Varikokel – penyebab infertilitas!

  Dilatasi, tortuositas dan pemanjangan pleksus spermatika dikenal sebagai varikokel. Varikokel paling sering terlihat pada pria muda dan setengah baya, dengan insiden sekitar 15%. Gejala utama adalah perasaan bengkak dan nyeri tekan pada skrotum, yang bisa menjalar ke perut bagian bawah dan punggung bawah dan diperparah dengan berdiri atau aktivitas yang lama. Jika lesi ringan, mungkin tanpa gejala dan hanya terdeteksi selama pemeriksaan fisik.  Varikokel sering menjadi penyebab utama infertilitas, dengan 30-40% infertilitas pria disebabkan oleh varikokel.

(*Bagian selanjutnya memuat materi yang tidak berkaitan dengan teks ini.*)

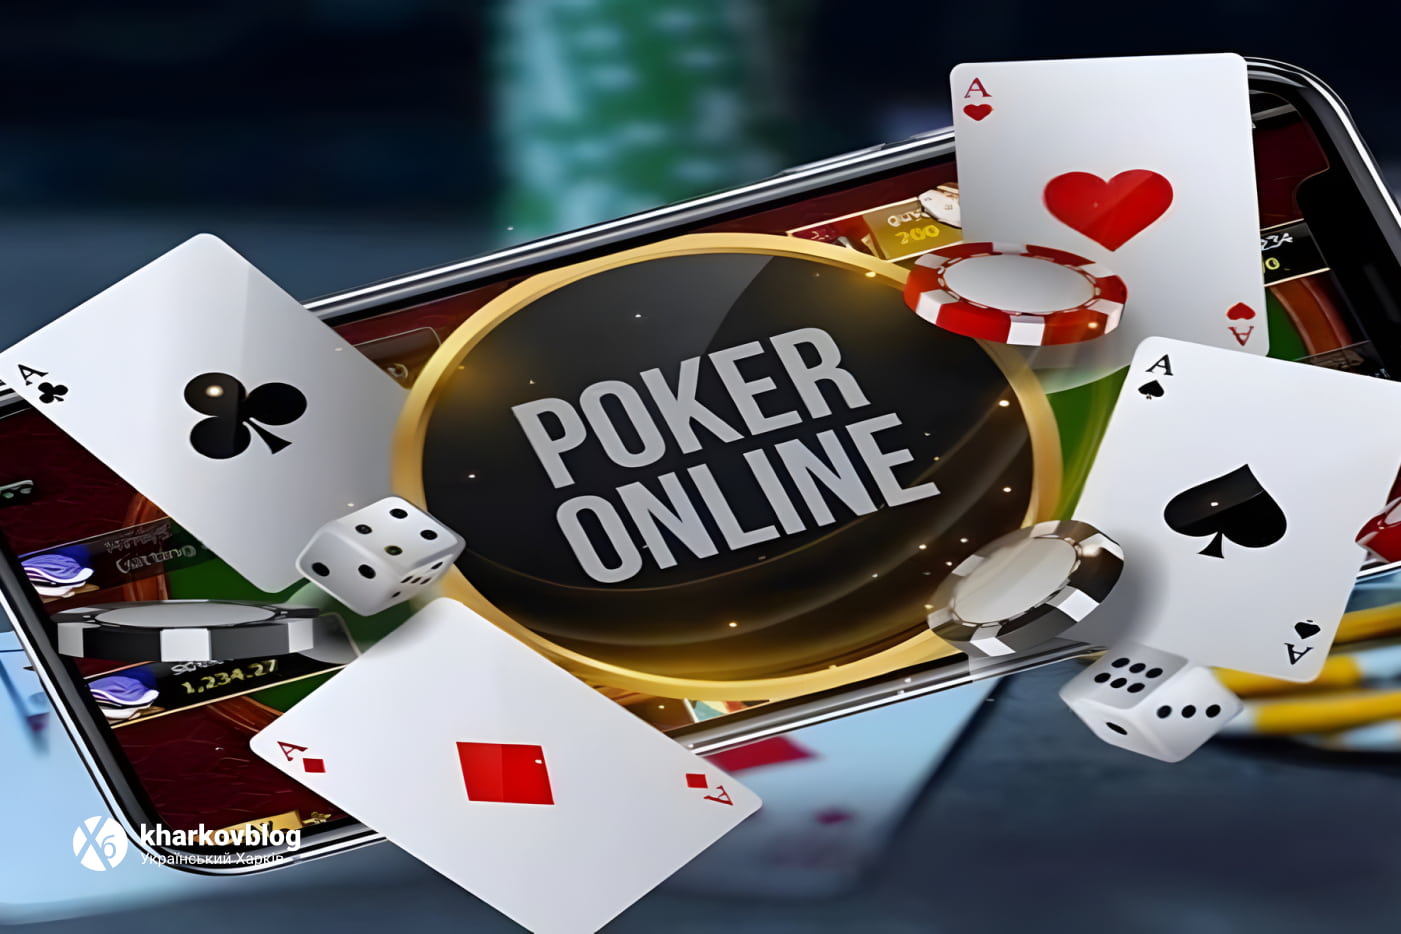 Онлайн покер с друзьями: полное руководство для совместных игр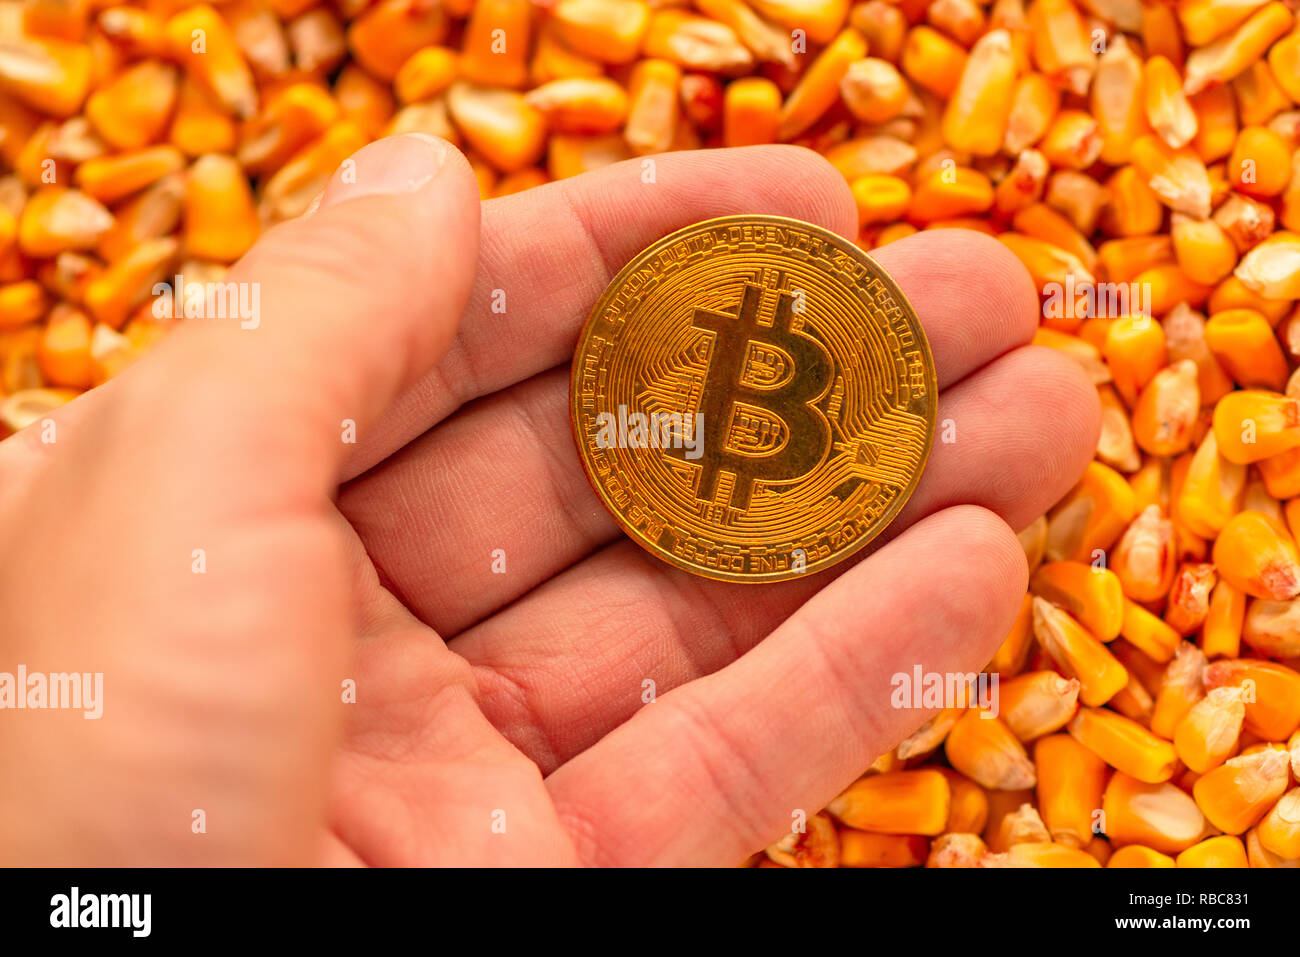 En Bitcoin main sur tas de grains de maïs, conceptual image cryptocurrency pour activité commerciale avec connexes dans le commerce des produits de l'entreprise agricole Banque D'Images

Ketika varikokel hadir, aliran darah di vena spermatika stagnan, yang meningkatkan suhu di skrotum dan mempengaruhi produksi sperma; sirkulasi darah di testis dan epididimis terpengaruh, dan kurangnya nutrisi dan suplai oksigen yang dibutuhkan oleh testis mempengaruhi spermatogenesis; suhu lokal di skrotum dinaikkan dan suplai darah dan oksigen ke testis tidak mencukupi, yang mempengaruhi fungsi endokrin sel interstisial pada varikokel testis dan mengganggu spermatogenesis; pembuluh darah di korda spermatika Adanya zat-zat yang mengganggu fungsi testis, seperti zat hormonal dari ginjal dan kelenjar adrenal, seperti kortisol, katekolamin dan metabolit toksik, dapat menghambat spermatogenesis testis. Oleh karena itu, terlepas dari tingkat keparahan gejalanya, gejala-gejala tersebut harus segera diselidiki dan dirawat di rumah sakit.  Namun, tidak semua orang dengan varikokel tidak subur, hal ini tergantung pada tingkat kerusakan testis.